How to start investing if you don't know anything at all

Lately, many people have approached me asking, "I want to start investing, teach me how." To which I ask, "How much do you know?" And the replies will always be, "I know nothing, teach me from scratch."

So I figured that there might be many more people like you out here, who have zero knowledge about investing but want to start. Thus this post, on how to start investing from ground zero.


The stock market and other investment vehicles

In economics, there is an impossible trinity whereby (1) a fixed foreign exchange rate, (2) free capital movement and (3) an independent monetary policy cannot all exist at the same time. In investing, we also have an impossible trinity.

This trinity comprise of (1) low risk, (2) high returns and (3) high liquidity. There can be no liquid investment vehicle giving high return with low risk. If you see one, it is probably a scam.


For example, a bank's savings account gives high liquidity (you can withdraw at any time without any penalty) and low risk (capital protected) but the returns are super low (around 0.1% currently). The stock market gives high return and high liquidity but is high risk (capital is not protected).

How to tell a bad investment vehicle

It's hard to say which investment vehicle is the best, but you can definitely spot a bad one. Remember the impossible trinity? You will always have to compromise on one aspect. But if you find yourself losing two or even three aspects, then you're probably shortchanged.

Let's run through an example on endowment plans. By signing up for such a plan, you commit for a long period of time (at least 10 years) to get about 2-3% per annum interest. In this case, you have low returns (bad), poor liquidity (bad), but low risk (good), which means you're getting a poor deal.

For investment-linked policies, you get moderate returns (due to the fees charged, bad), high risk (bad), and moderate liquidity (bad). Now you can see why ILPs are getting slammed all over these days.

Enter the stock market

The stock market has been proven to be the best hedge against inflation in the long run, beating all other investment vehicles including bonds, cash, and even gold. The stock market gives high return (good), high risk (bad), but with good liquidity (you can sell anytime you want).

https://thunfinancial.com/investing-and-financial-planning-for-foreign-nationals-in-the-united-states/

So how do you invest in the stock market? Many newcomers would try to pick individual stocks, but do you know that even 80% of all fund managers don't beat the market? You certainly can try, but the odds are not in your favour.

By the market, I refer to the S&P 500 for the US market, the STI for the Singapore market, and basically any index that tracks the average movement of the target market. So for newbies, I would recommend just investing into the market via an index fund.

Read this two posts for a better idea:

If you really want to beat the market...

Well, I can't fault you for trying right? Even after saying that the stock market returns around 7-8% per year on average, some people have asked me how to beat the market.
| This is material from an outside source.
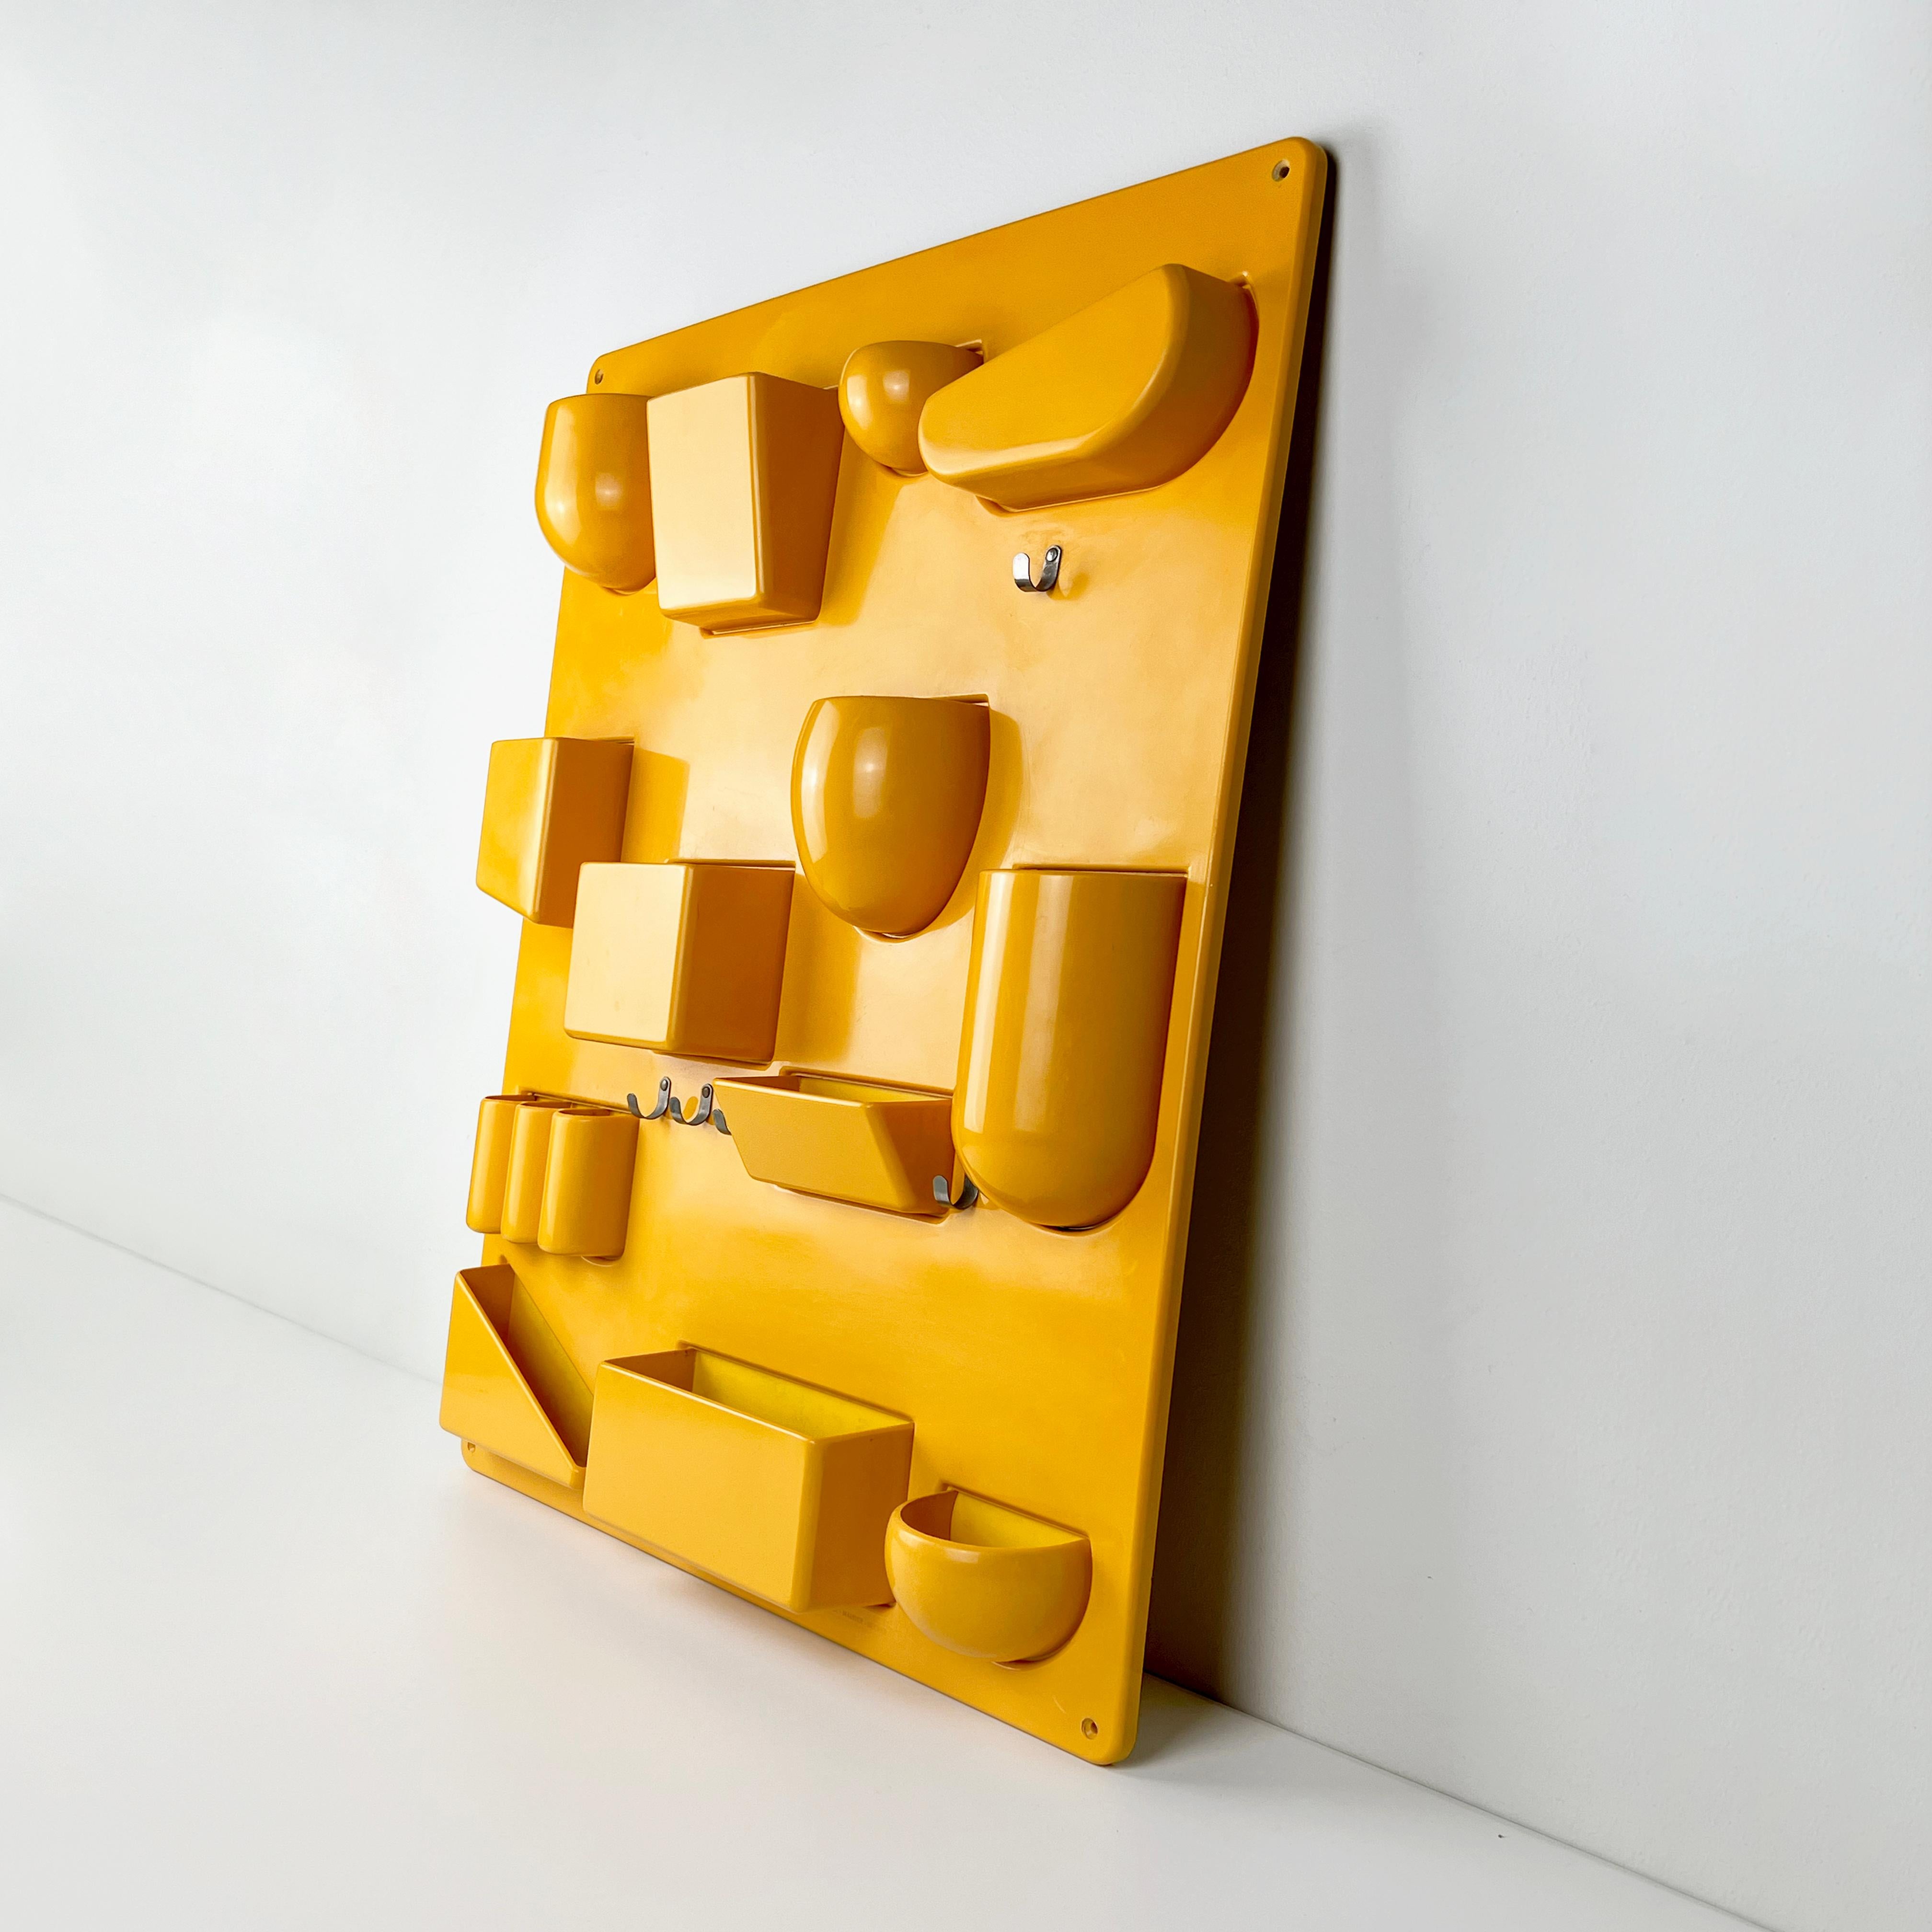 German Yellow “Utensilo” Plastic Wall Storage Unit designed by Dorothee Maurer Becker

This is despite them having no financial, investing, or stock market knowledge or experience.

But of course, I will still detail it here. There are many studies done, and various investing legends have proven that there are ways of picking stocks that can give you a better return than just buying the index. For example, these are the list of investors who have documented their returns:

Benjamin Graham: ~20% per annum (Graham-Newton Corp, 1936-1956)
John Neff: 13.7% per annum (Windsor Fund, 1964-1995)
Warren Buffet: ~24% (Berkshire Hathaway, 1965-present)
Peter Lynch: 29.2% (Magellan Fund, 1977-1990)
Kenneth Fisher: 13% (Global Total Return Fund, 1995-2007)
James O'Shaughnessy: 18.52% (Cornerstone Growth Strategy, 1954-1996)
Joel Greenblatt: 30.8% (Magic Formula, 1988-2004)
Joseph Piotroski: 23% (research paper, 1976-1996)

Each of these investors have a method of screening for stocks and then investing in them. I would recommend you to pick up their books to start reading. See below for the books they've written, also detailing their investment strategy. Some books can be even found online on Google.

Benjamin Graham: The intelligent investor
Warren Buffett: Buffettology (written by Mary Buffett, divorced former daughter-in-law of Warren Buffett)
Peter Lynch: One up on Wall Street
Kenneth Fisher: Super stocks
James O'Shaughnessy: What works on Wall treet

And if you want a summary of all of these books, check out this: The guru investor by John Reenes.

Conclusion

So first we started with identifying what is a good investment vehicle, and what is a bad one. Then, we went on to learn how you can invest in the stock market, probably the best investment vehicle out there. And lastly, if you want to beat the market, how you can do it.

Some parting words. Once you start on a strategy, stick to it. Long-term investing reaps rewards but switching in and out (due to emotions) only incurs fees and lower returns. I wish you all the best in your investing journey!